Sir Mike served as head of the British Army from 2003 to 2006 and oversaw the army size reduction to 102,000 in 2004.
He said: “You don’t know what’s round the corner.
“More often than not the next thing which happens will be unexpected.
“It will arise in a set of circumstances which probably no-one has been clever enough to predict. Things come out of the blue.
“We should not be at all complacent that we are of no significance to Russia.
“Russia thinking it can assassinate people living in Britain is outrageous.
“They may not be afraid of British reaction and you could go further and say that they may well take the view that they don’t care what the British reaction is.
“There are a range of measures available, diplomatic, economic and it will be for the Government to decide what measures additional to the current sanctions they wish to impose.”
And his take on Russia, helped by his education reading Russian studies at Birmingham University, was thought-provoking, if not concerning.
He said: “They worry about their western borders, they worry about having a buffer state, they perceive themselves to be encircled by the West.
“At the end of the Cold War their buffer states in Eastern Europe are now in the western camp –this is salt in the wound.
“We don’t like the way they throw their weight abroad.
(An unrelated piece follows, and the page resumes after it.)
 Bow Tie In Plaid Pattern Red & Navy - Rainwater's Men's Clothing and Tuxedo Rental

We believe in a rules-based order and basically for Putin its ‘stuff your rules, you have your rules, that’s fine, but don’t expect us to live by them’.
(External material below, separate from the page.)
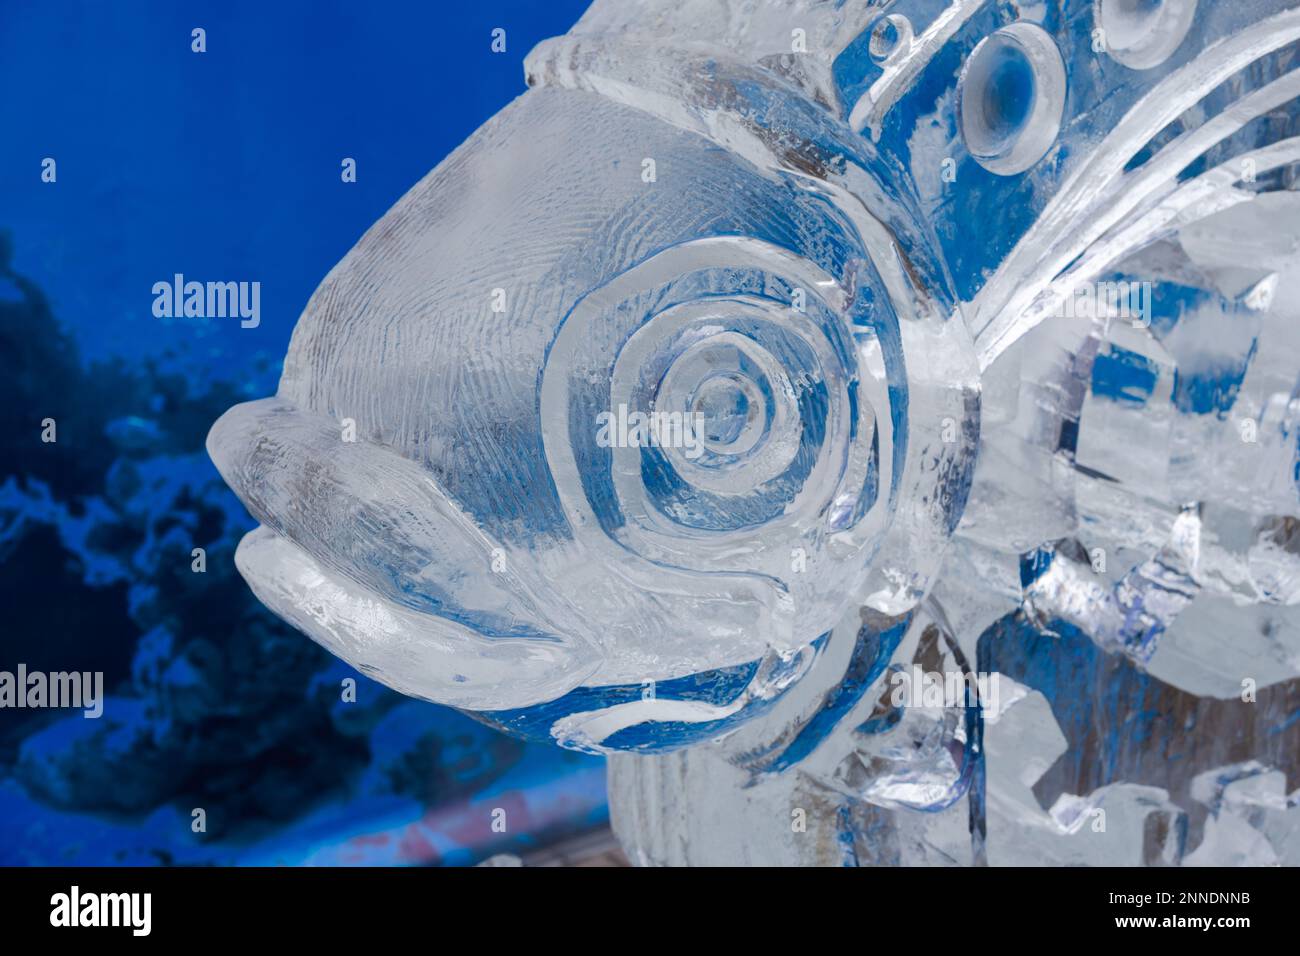 https://c8.alamy.com/comp/2NNDNNB/durham-uk-february-25th-2023-fire-and-ice-festival-in-durham-county-durham-uk-ice-carving-sculptures-on-display-around-the-city-at-the-annual-winter-event-that-brings-together-ice-sculptors-and-visitors-who-follow-a-city-trail-and-watch-live-demonstrations-of-the-art-form-as-well-as-later-fire-performances-this-year-the-theme-of-the-event-was-steampunk-credit-hazel-plateralamy-live-news-2NNDNNB.jpg

“Their emphasis is on the nation state, on mother Russia.They truly believe they are of great power status. So we have a problem, I’m afraid, whether we like it or we don’t, there is a sense that if it is the Russian state [the attempted murder of Sergei Skripal then they can think] ‘we can do this, we don’t think Britain will do much back and we don’t care.
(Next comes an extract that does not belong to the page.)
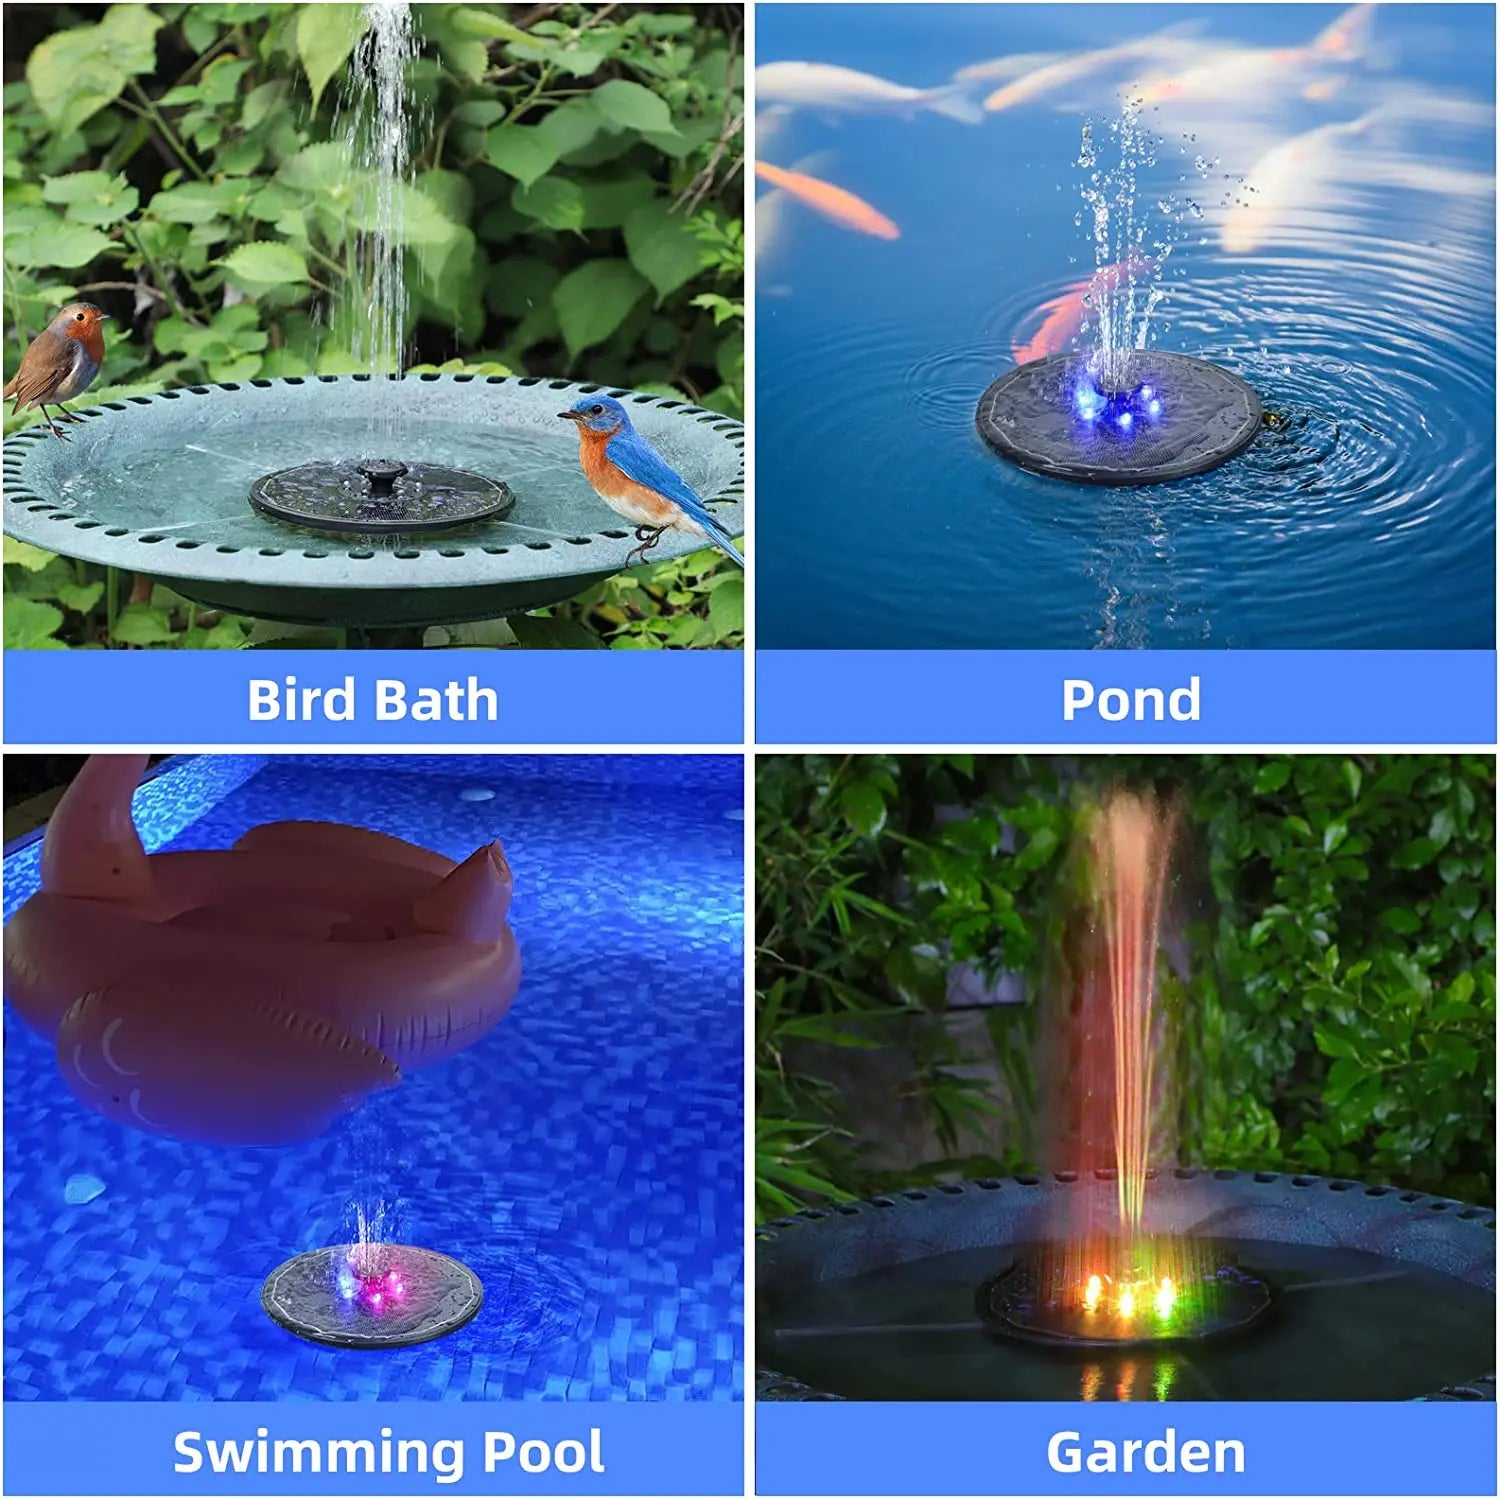 3W Solar Fountain, Add color and movement to your garden pond with this solar-powered fountain

“So we need to be quite careful. I don’t envy the PM.”
Sir Mike said he feared Putin now had ambitions to replicate the full power of the Soviet Union in the 1960s, adding the Russian leader’s description of the fall of the Soviet Union as ‘the greatest geopolitical catastrophe of the century’ was telling.
Sir Mike said: “Worst than two world wars, worst than the Holocaust, worst than the depression, that’s how he sees it.
“He wishes to replicate the strategic position which the Soviet Union once had.
“The West prides itself on promoting a rules based order and I think for Mr Putin [he thinks] they are your rules, not ours.
“What he would wish is to replicate the power and the place at which the Soviet Union had at the height of the Cold War, that’s what he’s after.”
While Britain works out its response to the Russian threat, Sir Mike said other countries were facing a worse peril.
He said: “To achieve a look like the Soviet Union puts in jeopardy the independence the three small Baltic states [western Ukraine, Lithuania and Estonia].
“There is real concern that their independence is threatened, not by war with Russia, but forms of blackmail or arm twisting and part of that is the reason Nato has stationed a small force in the Baltic states to say ‘you keep your distance’ and if needs be to act as a trip wire. It’s not a comfortable situation.”
Sir Mike joined the army aged 19 after graduating from Birmingham University in 1967. Across his 44-year career in the army he served on three tours to Northern Ireland.
He was commander of the UN peacekeeping force in Bosnia between 1995 and 1996 and was later appointed commander of Nato’s ACE Rapid Reaction Corps, from 1997 to 2000.
He was appointed Chief of General Staff in 2003 and led the invasion of Iraq, before retiring in 2006.
Asked his most difficult decision, he said it was when he refused to follow Nato command, from General Wesley Clark, to block an airport during the Kosovo conflict, avoiding a confrontation with the Russians.
He reportedly told General Clark ‘I’m not going to start World War Three for you’. Speaking at the talk, Sir Mike said: “He asked to me to do something which I thought was pretty barking.
“So I was a mutineer thinking I would have to say my piece and accept my P45.
“Anyway, it didn’t work out that way.”